Balance these equations for redox reactions occurring in acidic solution. (a) $\mathrm{P}_{4}(\mathrm{s})+\mathrm{NO}_{3}^{-} \longrightarrow \mathrm{H}_{2} \mathrm{PO}_{4}^{-}+\mathrm{NO}(\mathrm{g})$ (b) $\mathrm{S}_{2} \mathrm{O}_{3}^{2-}+\mathrm{MnO}_{4}^{-} \longrightarrow \mathrm{SO}_{4}^{2-}+\mathrm{Mn}^{2+}$ (c) $\mathrm{HS}^{-}+\mathrm{HSO}_{3}^{-} \longrightarrow \mathrm{S}_{2} \mathrm{O}_{3}^{2-}$ (d) $\mathrm{Fe}^{3+}+\mathrm{NH}_{3} \mathrm{OH}^{+} \longrightarrow \mathrm{Fe}^{2+}+\mathrm{N}_{2} \mathrm{O}(\mathrm{g})$

Balance these equations for reactions in acidic solution. (a) $\mathrm{IBr}+\mathrm{BrO}_{3}^{-}+\mathrm{H}^{+} \longrightarrow \mathrm{IO}_{3}^{-}+\mathrm{Br}^{-}+\mathrm{H}_{2} \mathrm{O}$ (b) $\mathrm{C}_{2} \mathrm{H}_{5} \mathrm{NO}_{3}+\mathrm{Sn} \longrightarrow$ $\mathrm{NH}_{2} \mathrm{OH}+\mathrm{CH}_{3} \mathrm{CH}_{2} \mathrm{OH}+\mathrm{Sn}^{2+}$ (c) $\mathrm{As}_{2} \mathrm{S}_{3}+\mathrm{NO}_{3}^{-} \longrightarrow \mathrm{H}_{3} \mathrm{AsO}_{4}+\mathrm{S}+\mathrm{NO}$ (d) $\mathrm{H}_{5} \mathrm{IO}_{6}+\mathrm{I}_{2} \longrightarrow \mathrm{IO}_{3}^{-}+\mathrm{H}^{+}+\mathrm{H}_{2} \mathrm{O}$ (e) $\mathrm{S}_{2} \mathrm{F}_{2}+\mathrm{H}_{2} \mathrm{O} \longrightarrow \mathrm{S}_{8}+\mathrm{H}_{2} \mathrm{S}_{4} \mathrm{O}_{6}+\mathrm{HF}$

When aqueous sodium carbonate, \(\mathrm{Na}_{2} \mathrm{CO}_{3}\), is treated with dilute hydrochloric acid, HCl, the products are sodium chloride, water, and carbon dioxide gas. What is the net ionic equation for this reaction?
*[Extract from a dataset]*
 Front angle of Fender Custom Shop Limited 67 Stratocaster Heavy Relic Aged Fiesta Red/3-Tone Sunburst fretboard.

Balance these equations for redox reactions occurring in basic solution. (a) \(\mathrm{CrO}_{4}^{2-}+\mathrm{S}_{2} \mathrm{O}_{4}^{2-} \longrightarrow \mathrm{Cr}(\mathrm{OH})_{3}(\mathrm{s})+\mathrm{SO}_{3}^{2-}\) (b) \(\left[\mathrm{Fe}(\mathrm{CN})_{6}\right]^{3-}+\mathrm{N}_{2} \mathrm{H}_{4} \longrightarrow\left[\mathrm{Fe}(\mathrm{CN})_{6}\right]^{4-}+\mathrm{N}_{2}(\mathrm{g})\) (c) \(\operatorname{Fe}(\mathrm{OH})_{2}(\mathrm{s})+\mathrm{O}_{2}(\mathrm{g}) \longrightarrow \mathrm{Fe}(\mathrm{OH})_{3}(\mathrm{s})\) (d) \(\mathrm{CH}_{3} \mathrm{CH}_{2} \mathrm{OH}+\mathrm{MnO}_{4}^{-} \longrightarrow\) \(\mathrm{CH}_{3} \mathrm{COO}^{-}+\mathrm{MnO}_{2}(\mathrm{s})\)
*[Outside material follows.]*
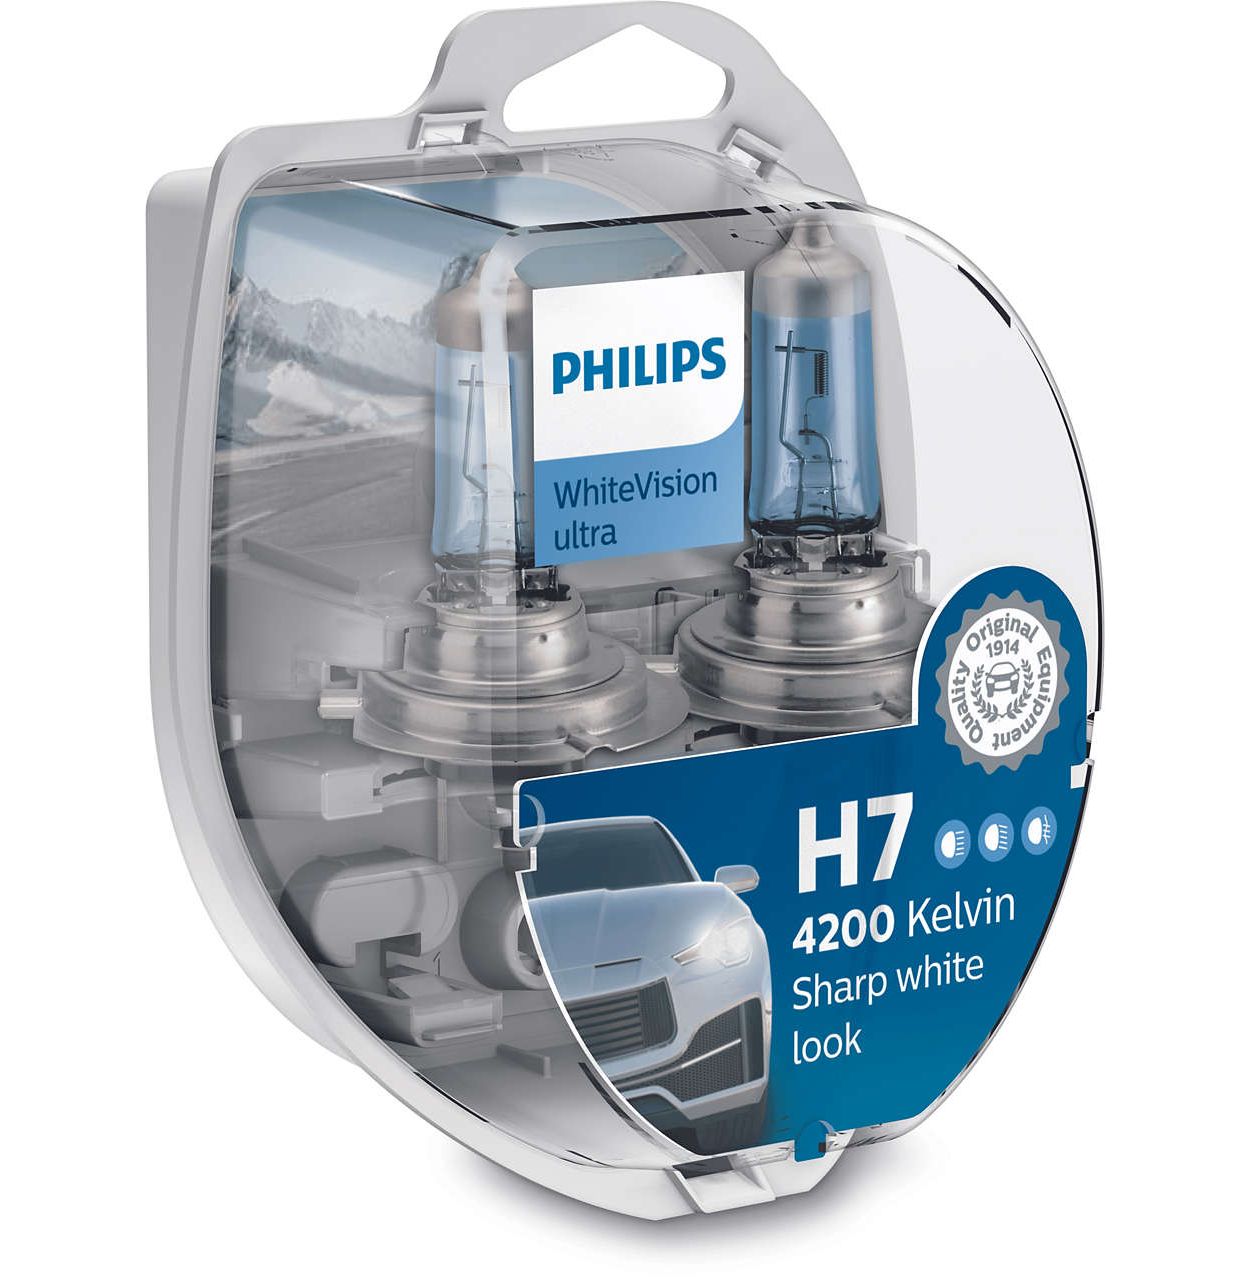 https://images.philips.com/is/image/philipsconsumer/bf10bf11a3be4aac8c5fafa800f241ff?$jpglarge$&wid=1250

Assuming the volumes are additive, what is the \(\left[\mathrm{NO}_{3}^{-}\right]\) in a solution obtained by mixing \(275 \mathrm{mL}\) of \(0.283 \mathrm{M} \mathrm{KNO}_{3}, 328 \mathrm{mL}\) of \(0.421 \mathrm{M} \mathrm{Mg}\left(\mathrm{NO}_{3}\right)_{2},\) and \(784 \mathrm{mL}\) of \(\mathrm{H}_{2} \mathrm{O} ?\)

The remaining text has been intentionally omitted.